Copy the listing exactly, images excluded.

◆ **Data block**:
>>
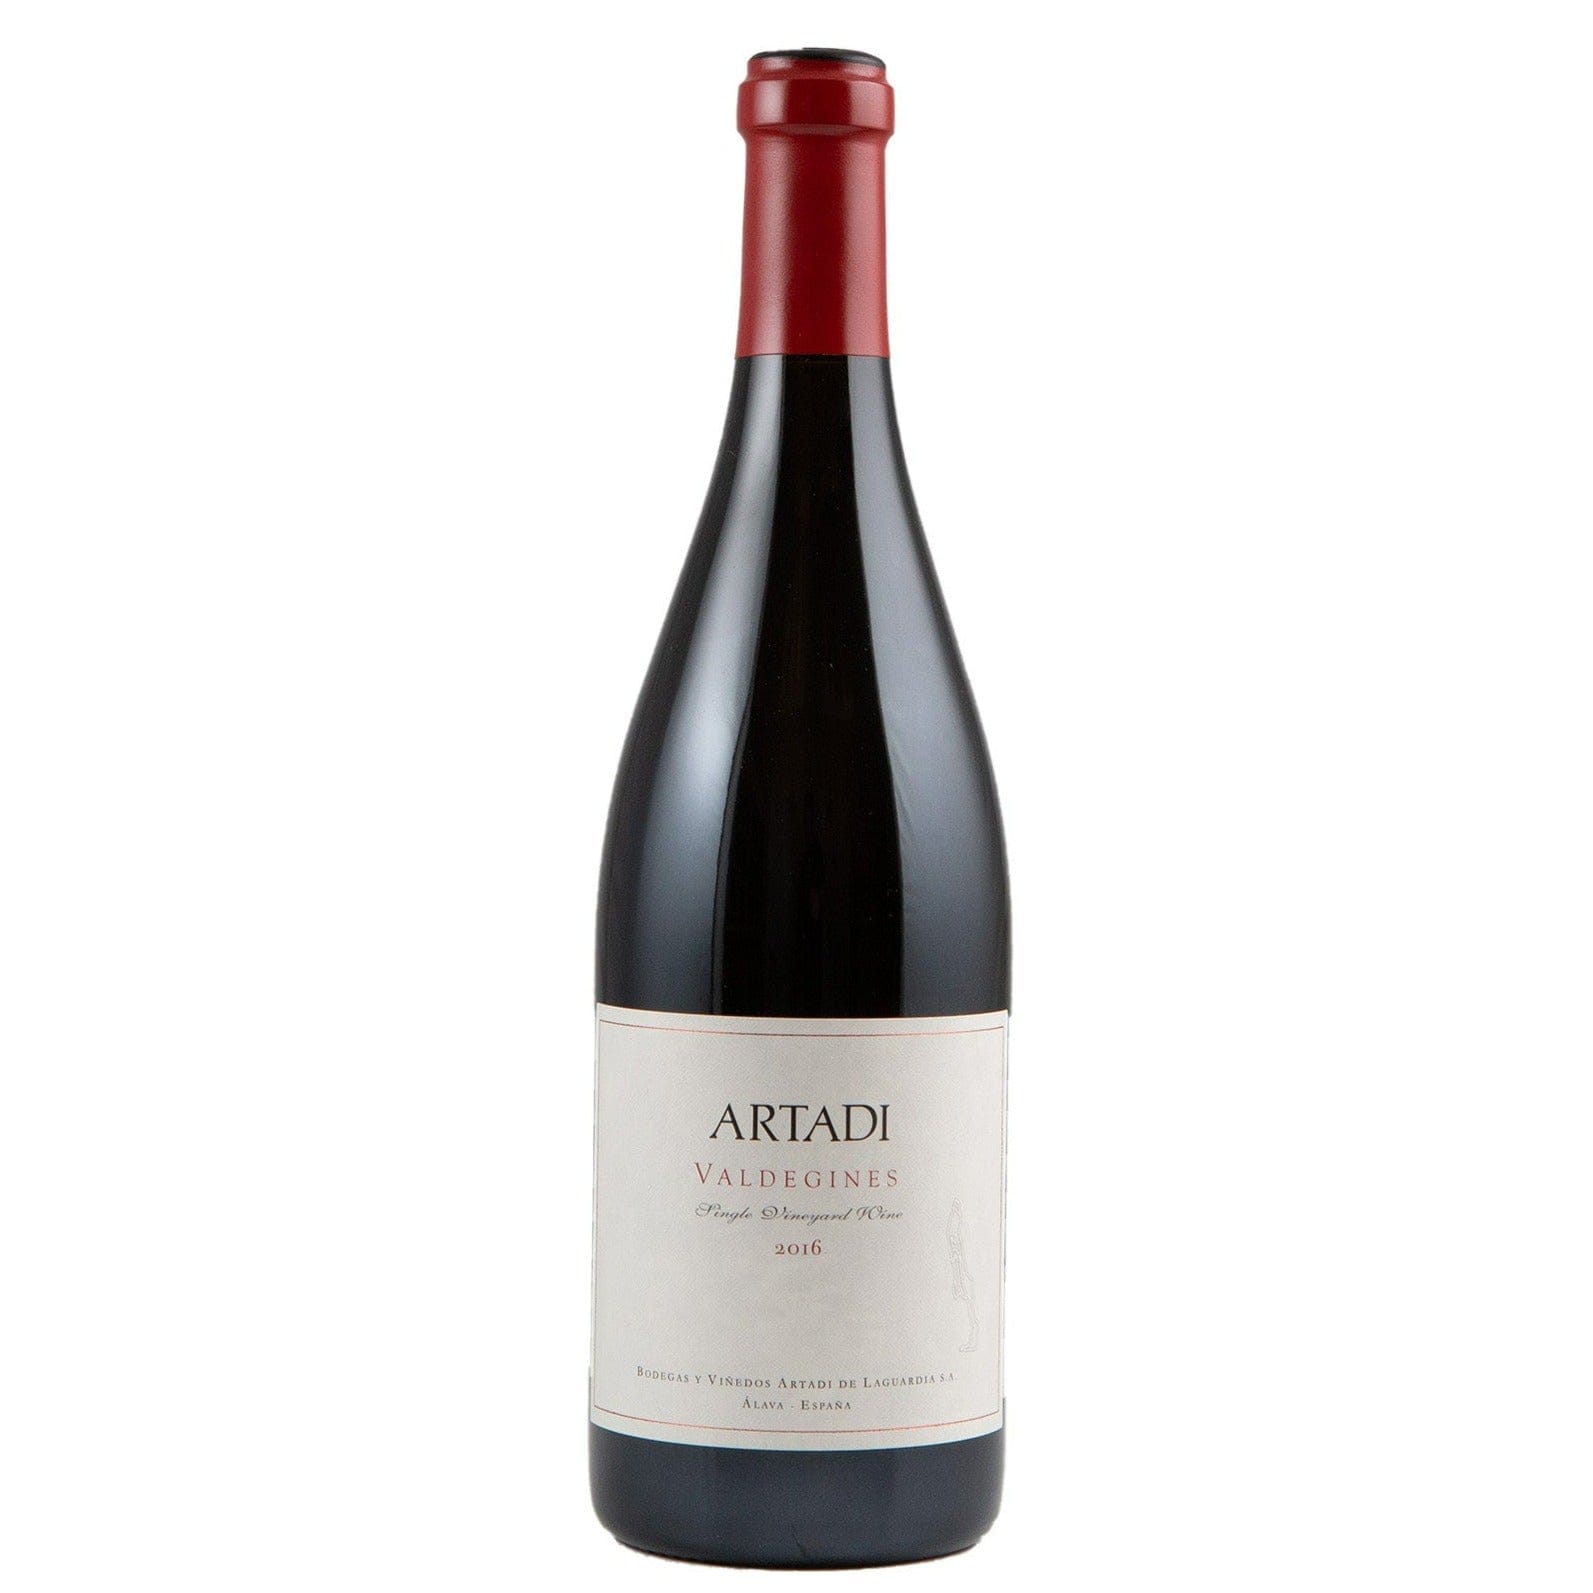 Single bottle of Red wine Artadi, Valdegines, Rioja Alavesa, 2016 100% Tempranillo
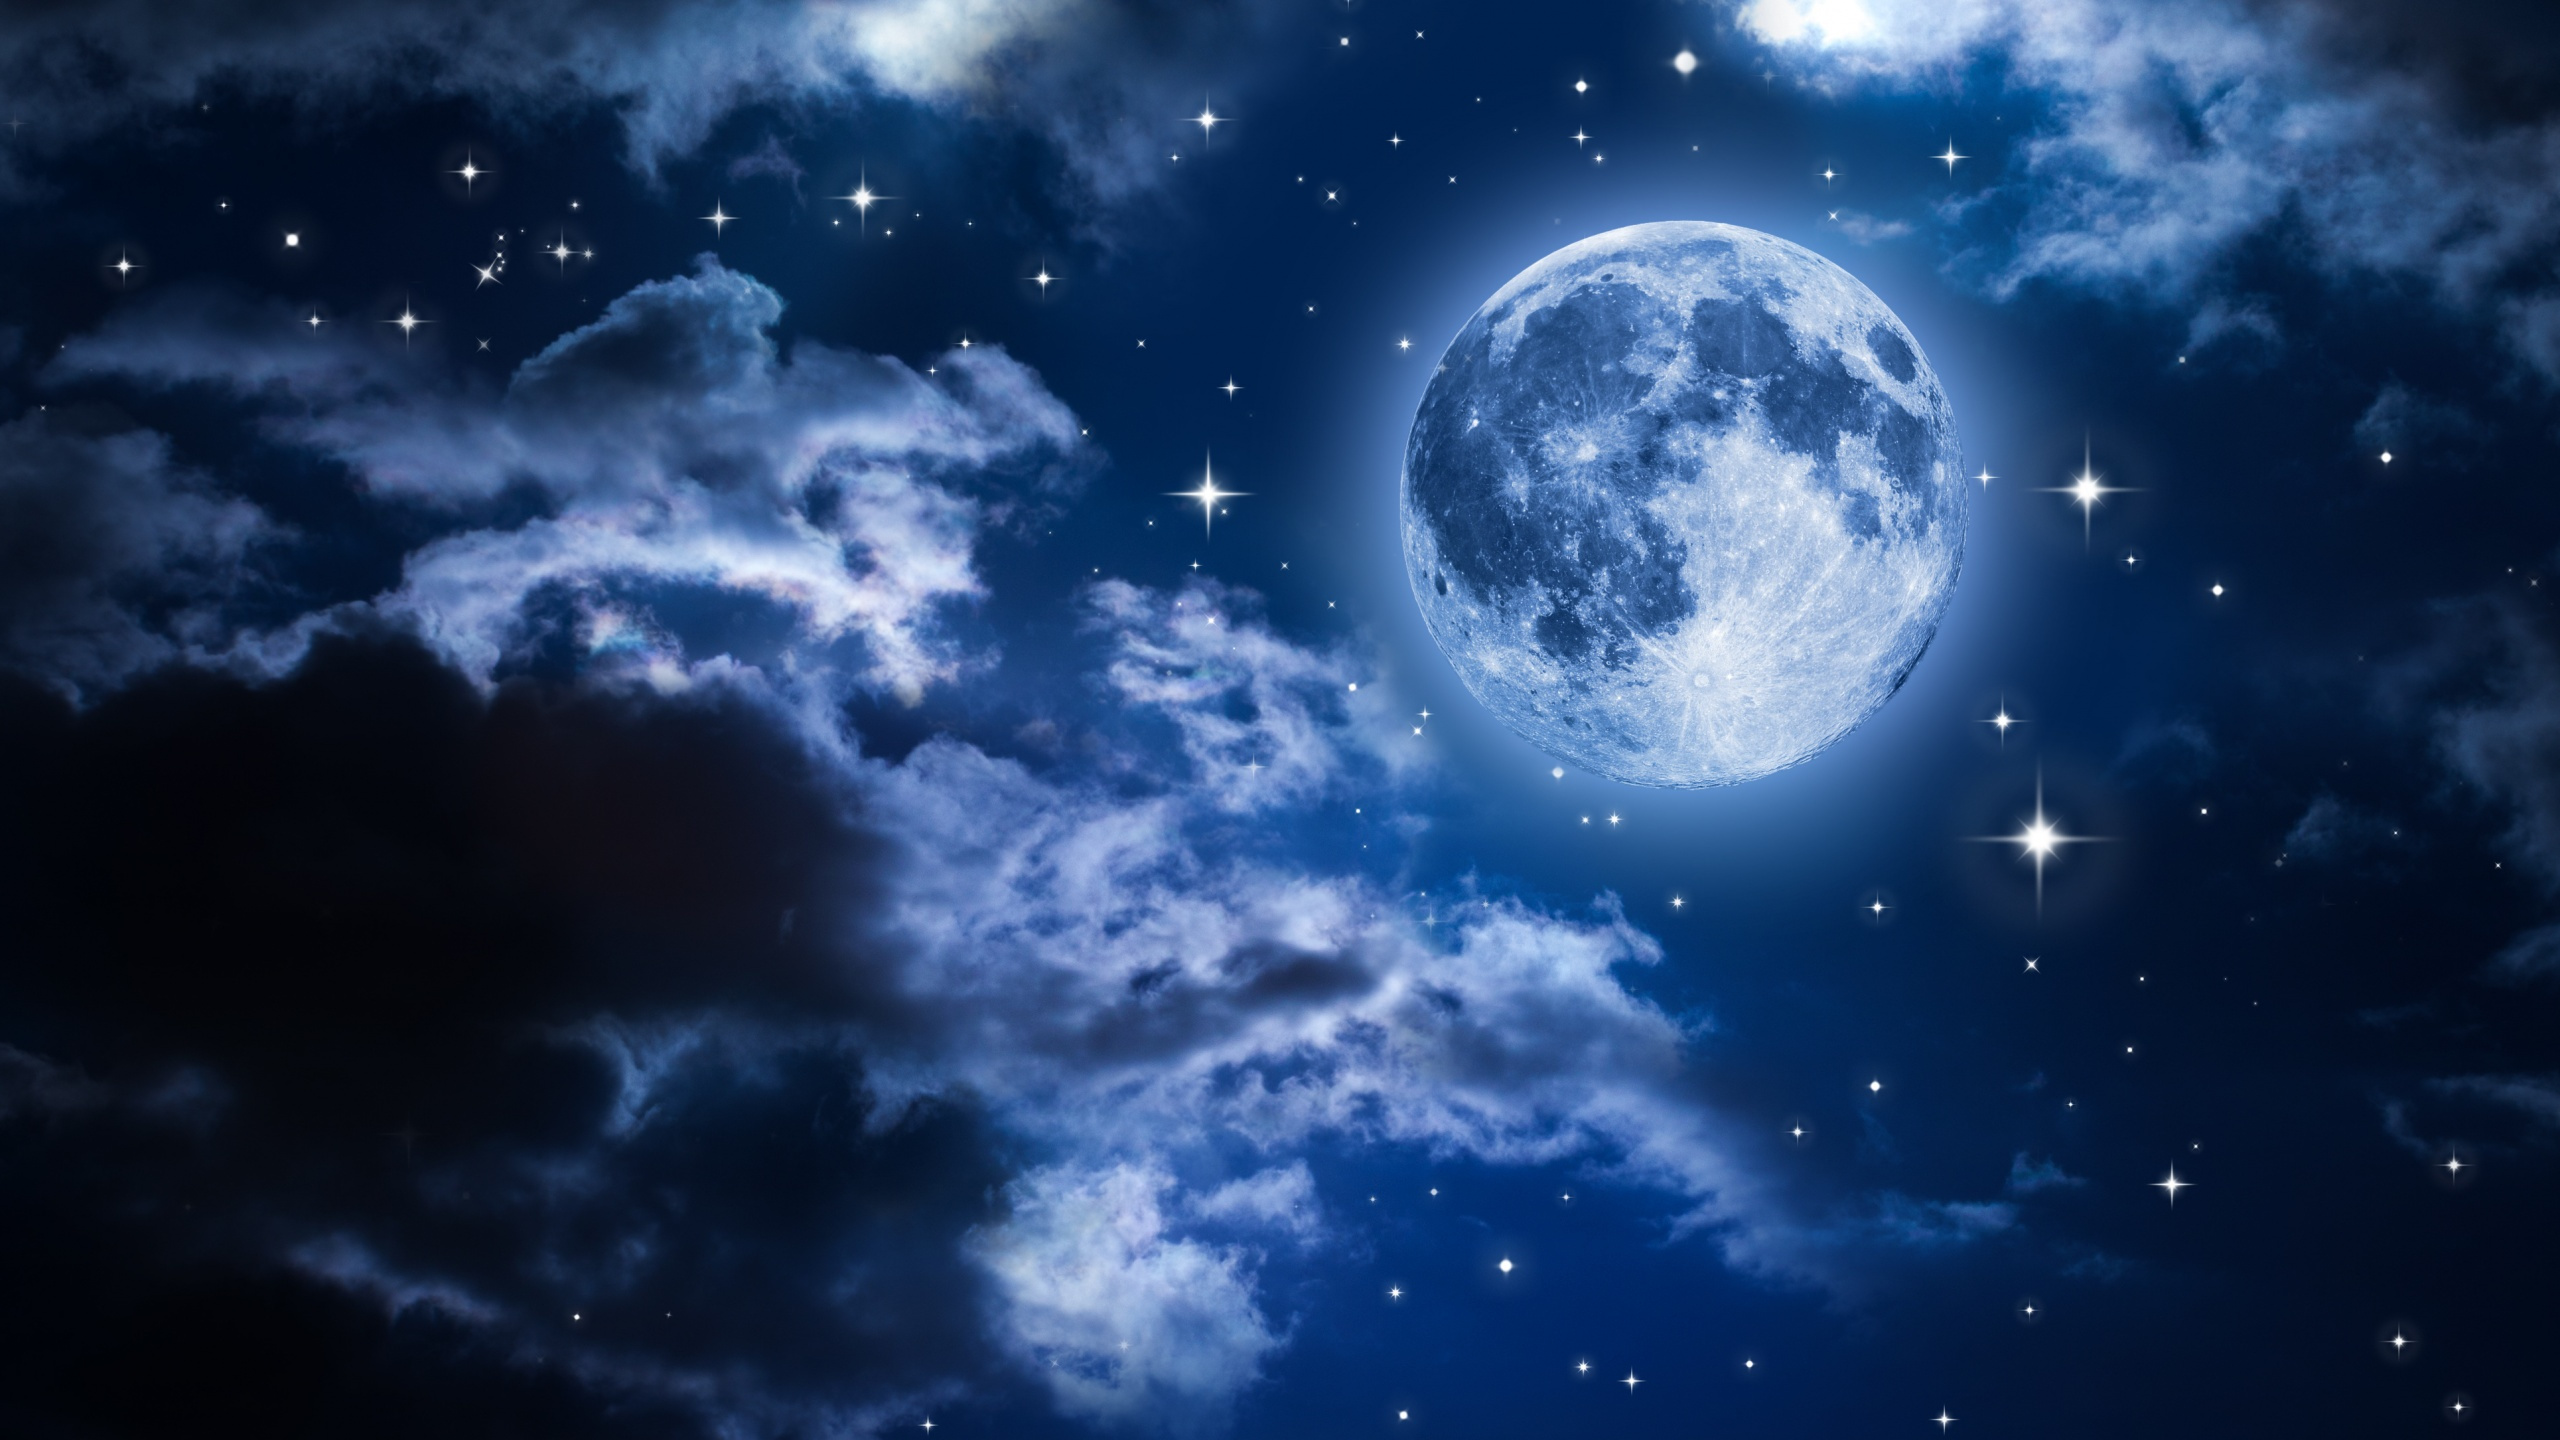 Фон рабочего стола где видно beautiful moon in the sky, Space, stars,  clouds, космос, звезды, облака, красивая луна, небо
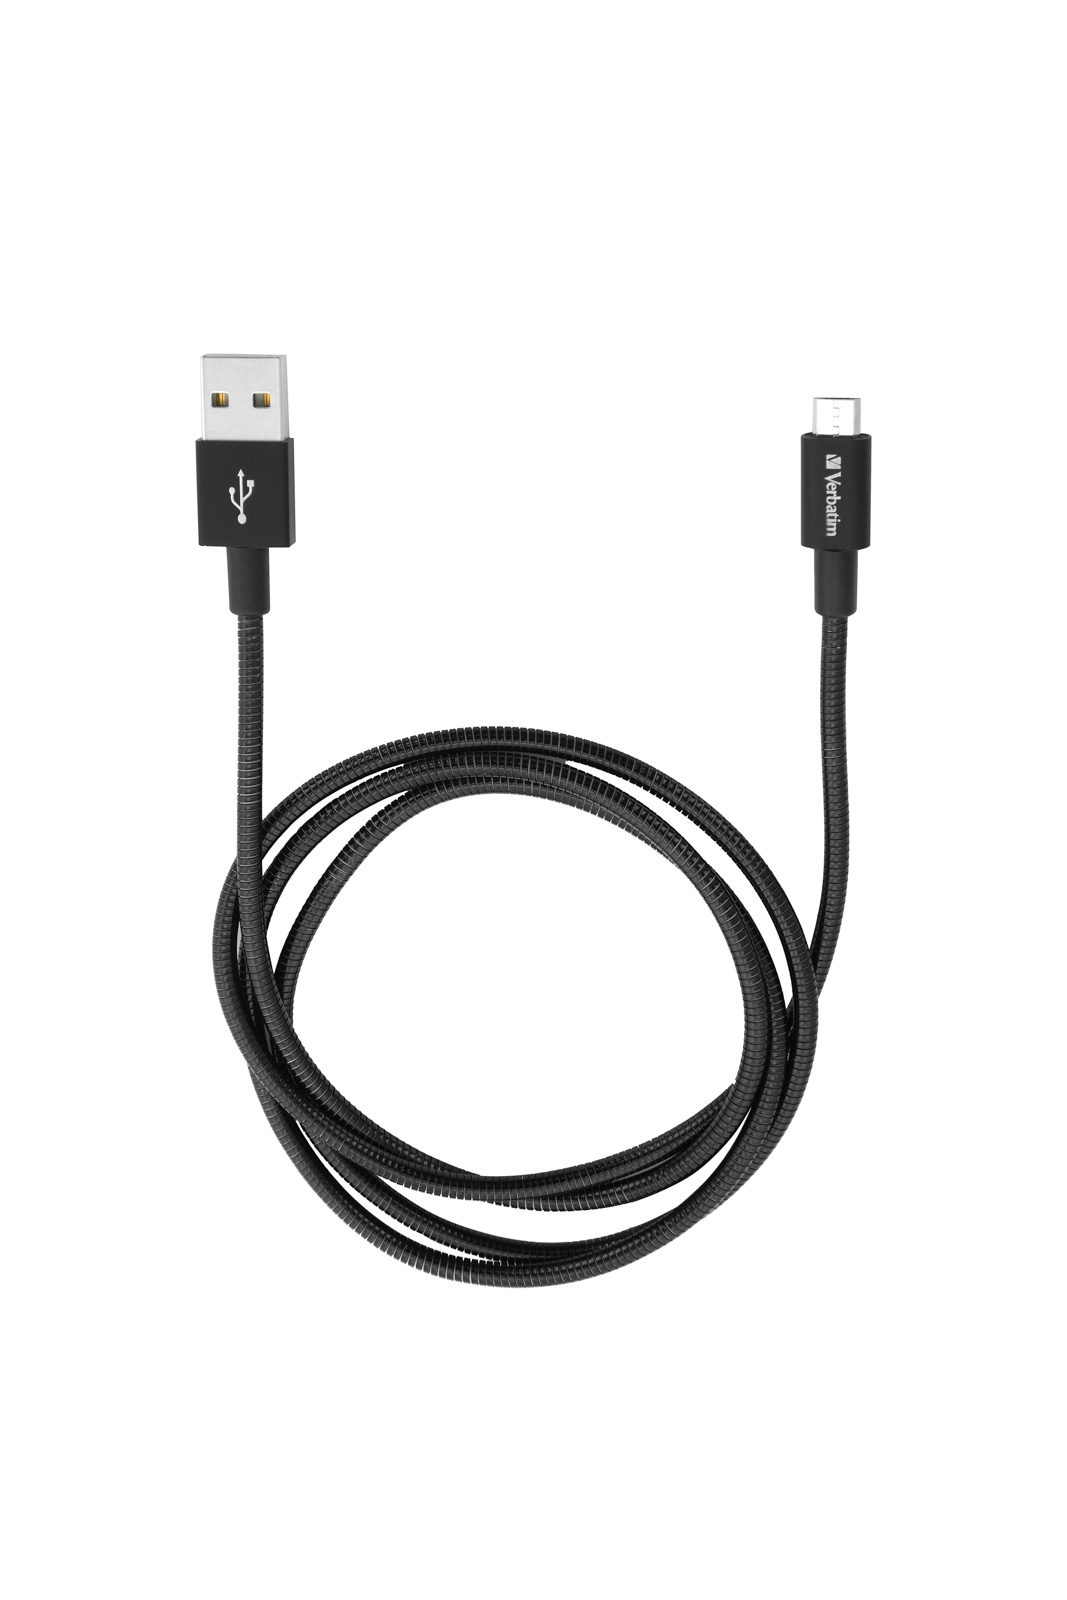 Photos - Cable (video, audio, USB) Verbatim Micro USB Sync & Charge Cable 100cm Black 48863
<<
◆ **Task response**:
 Single bottle of Red wine Artadi, Valdegines, Rioja Alavesa, 2016 100% Tempranillo
 Фон рабочего стола где видно beautiful moon in the sky, Space, stars,  clouds, космос, звезды, облака, красивая луна, небо
 Photos - Cable (video, audio, USB) Verbatim Micro USB Sync & Charge Cable 100cm Black 48863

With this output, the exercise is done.